Тем не менее обе точки зрения сходятся в том, что речь должна идти о праве собственности. Действительно, право собственности — это ключевое понятие, которое определяется относительно человека, то есть социального субъекта. Информационный объект следует понимать как единство информации и ее носителя. Любой информационный продукт в цифровом обществе может приобрести статус товара. Другое дело, что информация способна менять носитель. Но от этого ее содержание не меняется, если речь идет о материальных носителях, а не об идеальных.
В этом случае появляется еще одно звено дискуссионной цепочки в цифровом праве. Предметом противоречий является именно информация как объект права. Изучая данный вопрос, Н. С. Александрова отмечает, что изначально спорным является само определение объекта права [20]. С одной стороны, объектами гражданского права считаются услуги, вещи и другие виды благ. С другой стороны, объектом права могут выступать только действия или вещи. Как можно видеть, информация как объект права не является элементом или видом благ.
В законодательных документах об информации и права обладания ею также имеется противоречие. Согласно Федеральному закону «О введении в действие части четвертой Гражданского кодекса Российской Федерации» от 18 декабря 2006 года № 231-ФЗ информация не является объектом гражданских прав (ст. 128 ГК РФ) [21]. Однако в другом законе (ч. 1 ст. 5 Федерального закона от 27 июля 2006 г. № 149-ФЗ «Об информации, информационных технологиях и о защите информации» информация уже считается объектом гражданского права, а также иных правоотношений [22].
Получается, что имеет место несогласованность гражданского кодекса в определении информационных объектов права, что разночтение в определении ключевых понятий и категорий традиционного и классического права в науке и юриспруденции приводит к рассогласованию в нормативных и правовых актах в законотворчестве. Усугубляется эта проблема в связи с переходом к цифровой экономике, которая вызывает к жизни новые терминологические противоречия. Это выражается не только в спорах по поводу цифровых объектов и субъектов, но и по поводу смыла понятия цифровых прав, так как они также становятся объектом цифрового права [23; 24].
Дискуссии берут начало с неопределенности границ и видов цифровых прав. Данное определение в Гражданском кодексе РФ сформулировано широко и может интерпретироваться достаточно свободно. Но основной вопрос заключается в том, что необходимо уточнение смыслов тех дефиниций, которые используются при разработке законов. Цифровые права — это новый способ фиксации права собственности, требующий нового подхода в понимании и определении.
Заключение
Исследование проблем в формировании категориального аппарата в системе цифрового права показало, что в научной литературе отсутствует устойчивое понимание основных категорий, определяющих цифровое право как новый социальный феномен. Это приводит к сбою в правовом регулировании данного вида отношений, вызывая проблемы не только в самой правовой сфере, но и в сфере экономики, медицины, образования и т. д.
В целом речь идет о возникновении новой парадигмы правоотношений, которые существуют в цифровом формате. Поэтому необходимо проведение философско-правовых исследований, направленных на разработку категориального аппарата цифрового права.
 

References

1. Malushko E. Yu., Lizunkov V. G. System of electronic education as a tool for improving the competitiveness of a specialist in the digital economy. Vestnik Mininskogo universiteta, 2020, vol. 8, no. 2 (31). DOI 10.26795/2307-1281-2020-8-2-3. (In Russ.)

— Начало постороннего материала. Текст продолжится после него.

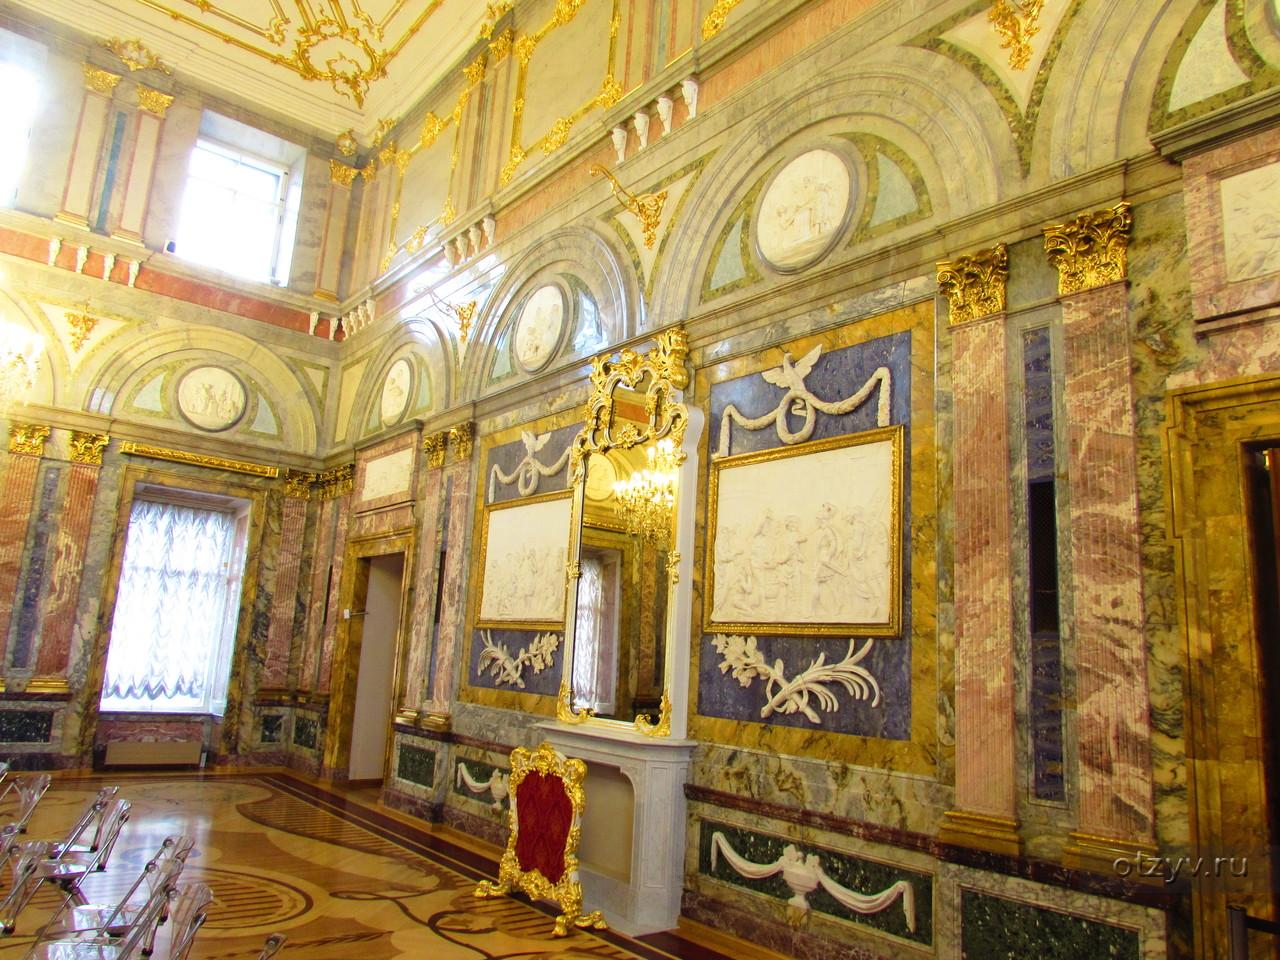 мраморный дворец фото залов этот

2. Gryaznova E. V., Skopintseva-Sedash O. Yu. Distance pedagogy as a scientific direction in the philosophy of education. Pedagogy and education, 2015, no. 1, pp. 59—66. (In Russ.)

3. Afanasyev S. V. Substantiation of the relevance of the development of a substratum-attribute model of information culture within the framework of the philosophy of culture. Vestnik Mininskogo universiteta, 2020, vol. 8, no. 3 (32). DOI 10.26795/2307-1281-2020-8-3-10. (In Russ.)

4. Gryaznova E. V. Information culture of medical institutions: problems and prospects. Man and culture, 2015, no. 1, pp. 92—111. (In Russ.)

5. Bondarenko V. M. Digital economy: a vision from the future. Journal of Economic Science Research, 2020, vol. 3, no. 1, pp. 16—23.

6. Grabova O. N., Grabov A. V. Digital and intellectual potential of economics as a result of modern investment processes and limitations. Bulletin of Eurasian Science, 2020, vol. 12, no. 4.

7. Antoniades Ch., Asselbergs F. W., Vardas P. The year in cardiovascular medicine 2020: digital health and innovation. Russian Journal of Cardiology, 2021, vol. 26, no. 3, pp. 114—124.

8. Gryaznova E. V., P. G. Skirnick Health and quality of life. NB: the Economy, trends and management, 2014, no. 4, pp. 72—85. (In Russ.)

9. Vilisov M., Pastarmadzhieva D. Digital policies: comparisons between eu, eeu and their memder-states. PolitBook, 2020, no. 1, pp. 6—37.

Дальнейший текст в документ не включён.